# Male black raven costume



## XandonX

Hey Guys! I've loved this forum for years! Although pretty much remained a lurker. 

Anyone have any raven costume ideas etc? hoping to go as a black raven, complete with feathers glued to head, face and torso transitioning to skin! 

Does anyone know of any places where you can buy bulk "feather pads", amazing black beaks, masks, masquerade type mask, links to good makeup tutorials/ideas for male ravens would also be awesome!
Thanks!
Here's what I'm kind of looking for;


http://www.annsfabric.com/trims/black-feather-pad-fp-black

http://www.etsy.com/listing/59941080/grimoire-mask-for?ref=sr_gallery_37&ga_includes[0]=tags&ga_search_query=crow+raven+costume&ga_page=1&ga_search_type=all&ga_facet=crow+raven+costume&ga_view_type=gallery


----------



## HauntedHouse

You'll need to make wings as well? maybe some sort of frame with some black fabric feathers layered over it? sounds interesting. if i find a tutorial on it i'll let you know.
let us know how you get on.


----------



## deadhouseplant

I was a raven last year for Halloween, here's a pic















I made my mask using a roll of plaster wrap and then painted and glued feathers to it. I found a good deal on feathers on e-bay so you might want to look there. I bought some loose ones, and some that were on a ribbon which made it easier to attach to the mask. For the skirt I used feather boas, and then I just bought my wings.


----------



## HauntedHouse

That is awesome! did you make the dress as well?


----------



## deadhouseplant

I took a dress I had (got it for $10 at a store that was going out of business) and altered it so that it fit better, and took off this white trim it had around the arms and neck, then I added the feather boas to the bottom. I actually used this tutorial if anyone is interested. 

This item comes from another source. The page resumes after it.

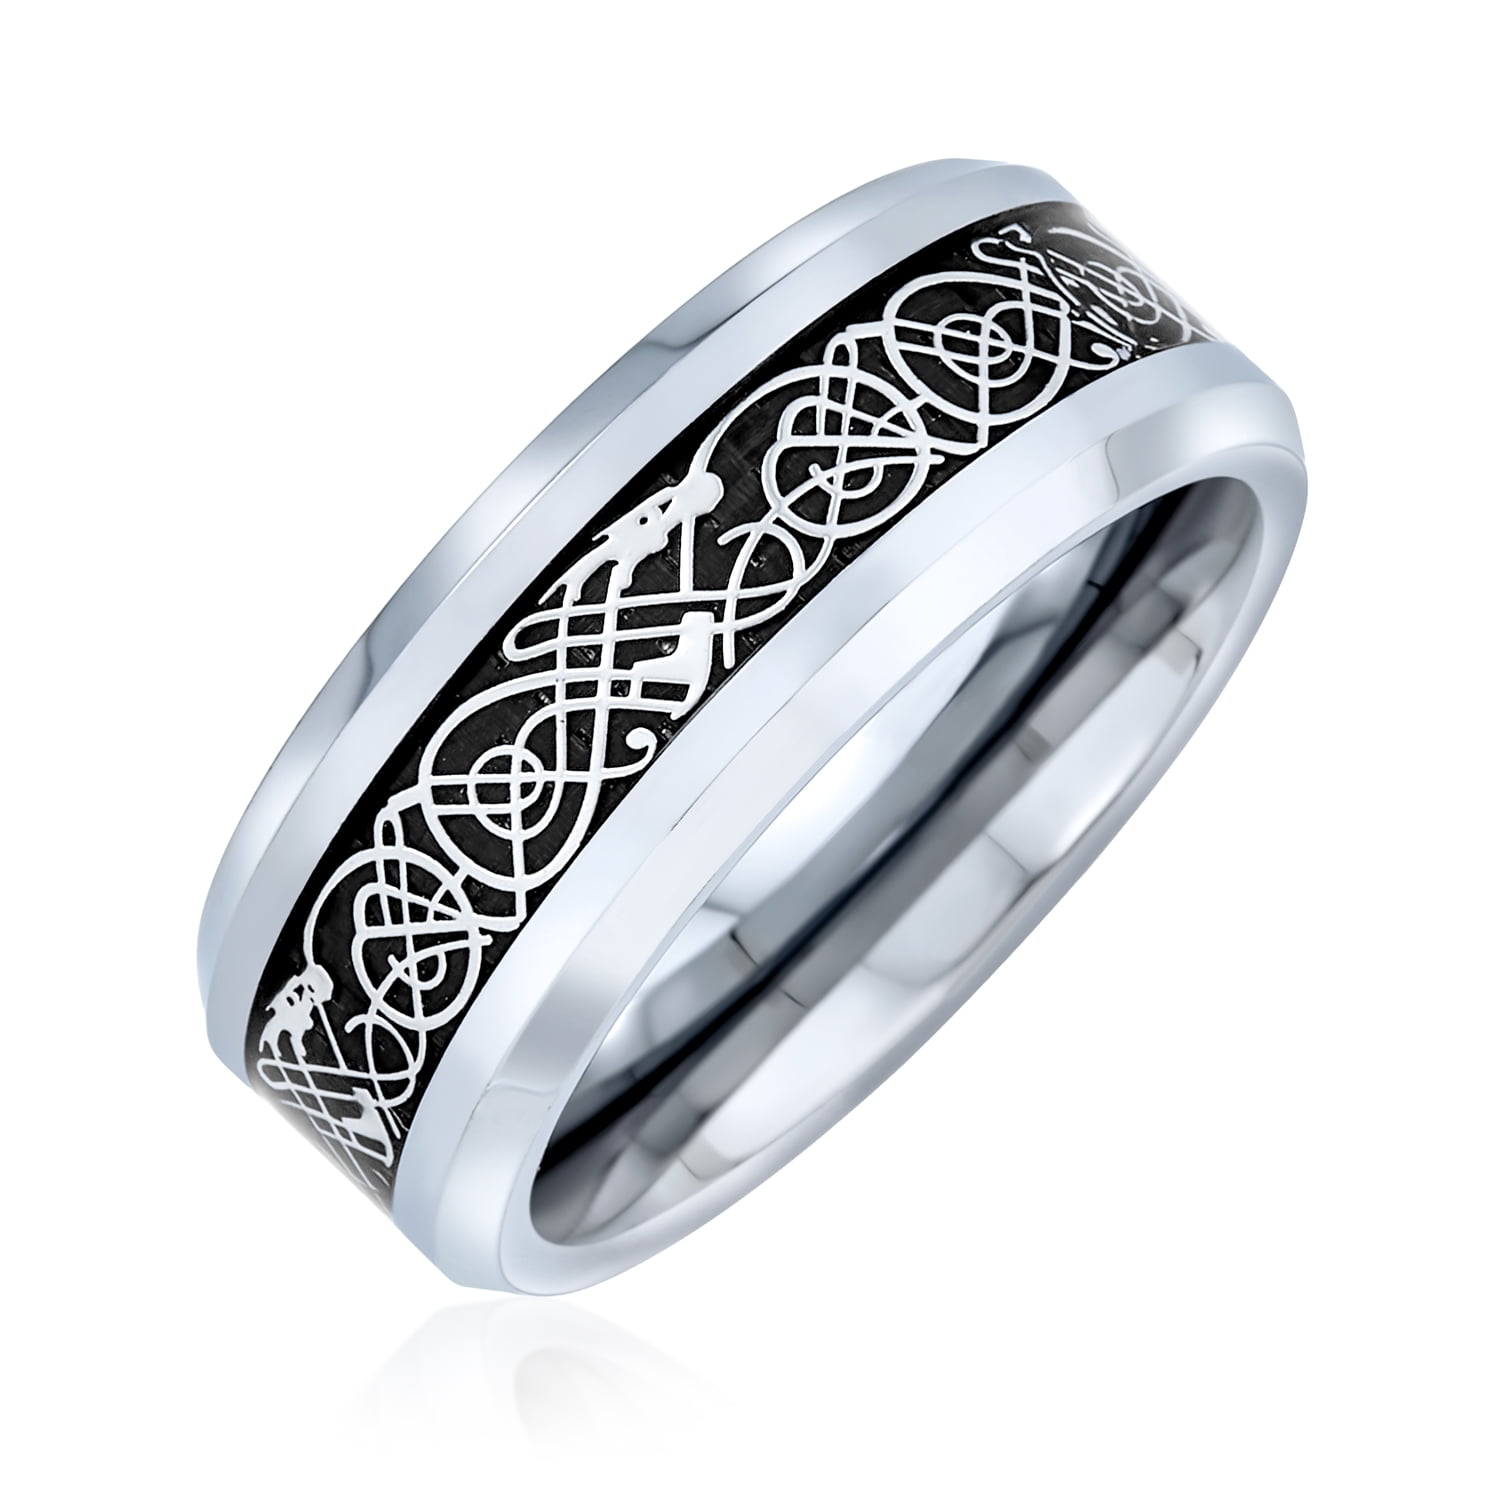 Details about   Men's Stainless Steel Black Onyx Center Inlay Ring Band 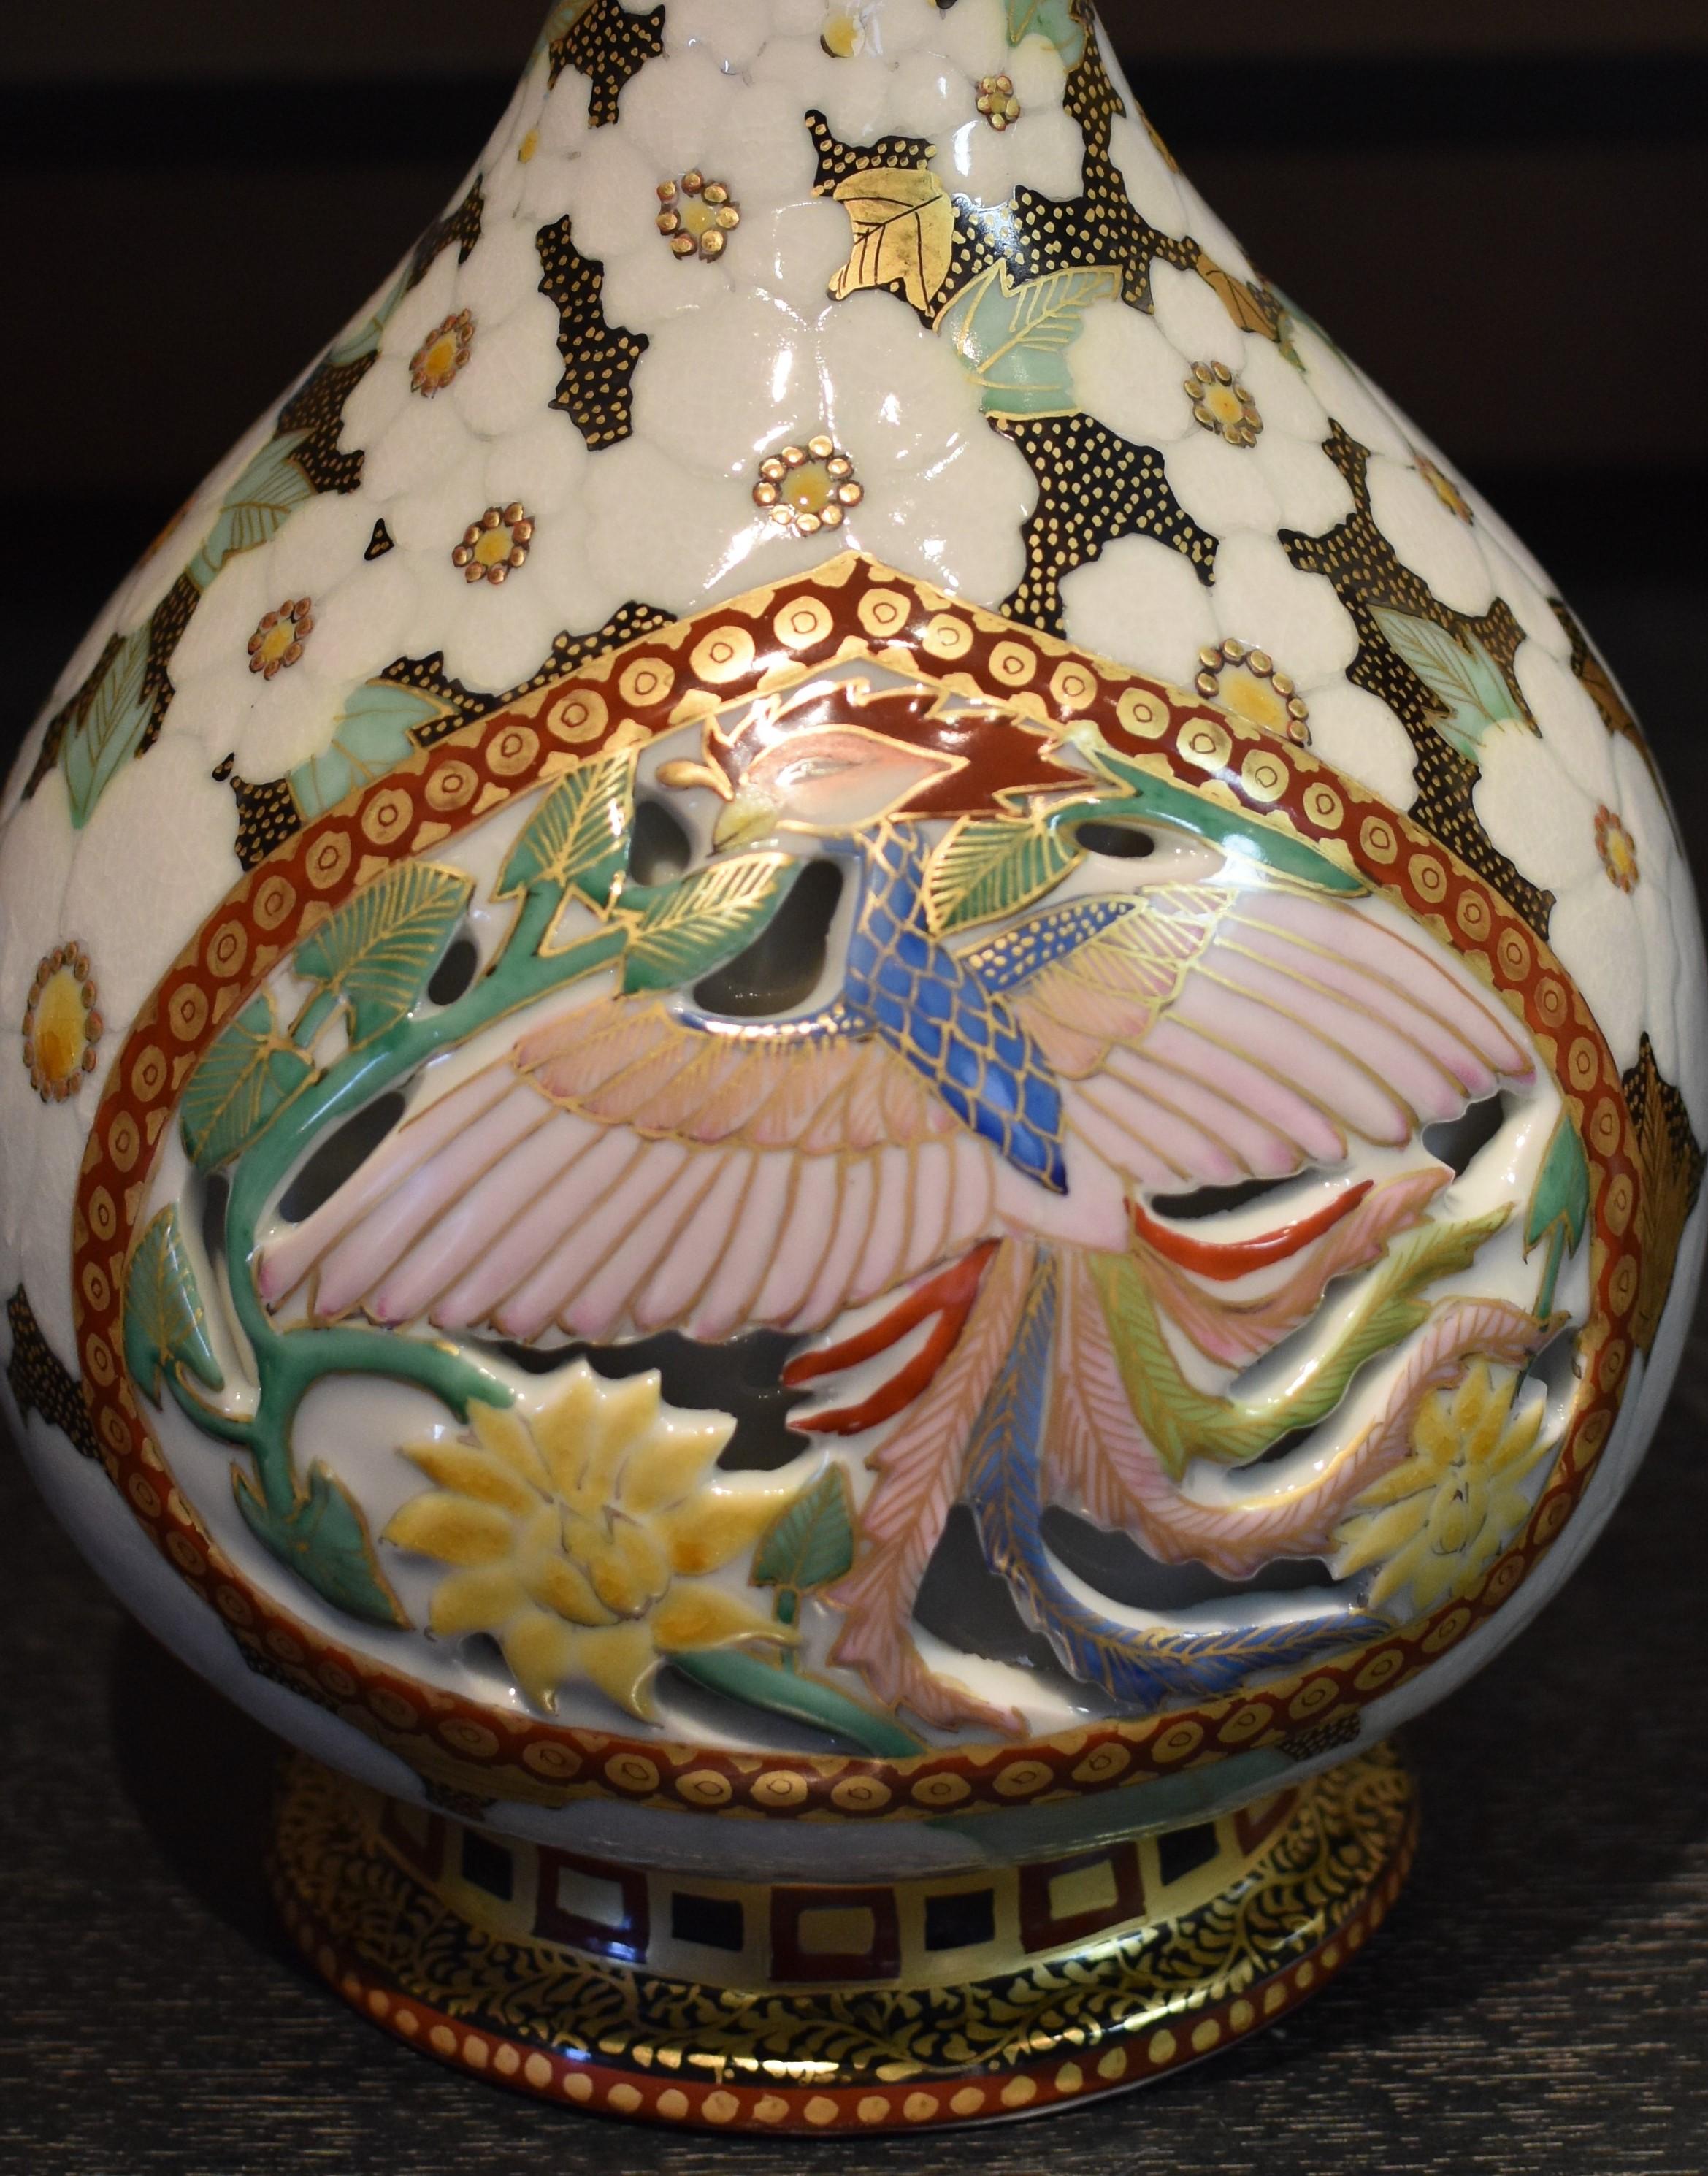 Extraordinary Japanese contemporary golden lion ear porcelain vase, featuring two sculpted panels depicting the creatures of ancient Chinese mythology – the phoenix in full flight and the rising dragon. This is a masterpiece by a third-generation

http://www.lovemaegan.com/2009/10/feather-skirt-diy.html

I think it would be easy to also make this into a flamingo costume, I thought about that but ended up going with the raven.


----------



## DeathDealer

There was the Raven Clan in the first episode of The Dresden Files, but those outfits may be too human.


----------



## HauntedHouse

very impressive stuff deadhouseplant, how about these wings... http://www.youtube.com/watch?v=0eRZc-HUXgE alot of work here.


----------



## XandonX

I'll have to check that out! I'm kind of going for a cirque du soleil, half man/half raven costume where I will be shirtless with feathers allover my upper body and I'll be wearing black pants and shoes with the masquerade mask. 



DeathDealer said:


> There was the Raven Clan in the first episode of The Dresden Files, but those outfits may be too human.


----------



## Rona87

deadhouseplant said:


> I was a raven last year for Halloween, here's a pic
> View attachment 126146
> 
> View attachment 126147
> 
> 
> I made my mask using a roll of plaster wrap and then painted and glued feathers to it. I found a good deal on feathers on e-bay so you might want to look there. I bought some loose ones, and some that were on a ribbon which made it easier to attach to the mask. For the skirt I used feather boas, and then I just bought my wings.


Nice costume and wings...


----------



## Minshe

Target has some pretty good looking beaked masks that are fairly inexpensive--if the colors are wrong you could paint it and then add the feathers. I think the boa idea is a good one--you can get a lot more feathers for your money and covering a costume would go a lot faster. It would also kind of "puff" you up like a real bird. Here is one source for cheap boas--but if you google it there are lots http://www.cheapboas.com/ You can get like 12 boas for $20.00. You may be able to use the boas for wings as well--but there are a lot of black feather wing already made that would probably work well --ebay has these http://compare.ebay.com/like/290736293397?var=lv&ltyp=AllFixedPriceItemTypes&var=sbar which look pretty good and it is hard to imagine you make them for much cheaper, not to mention the time involved....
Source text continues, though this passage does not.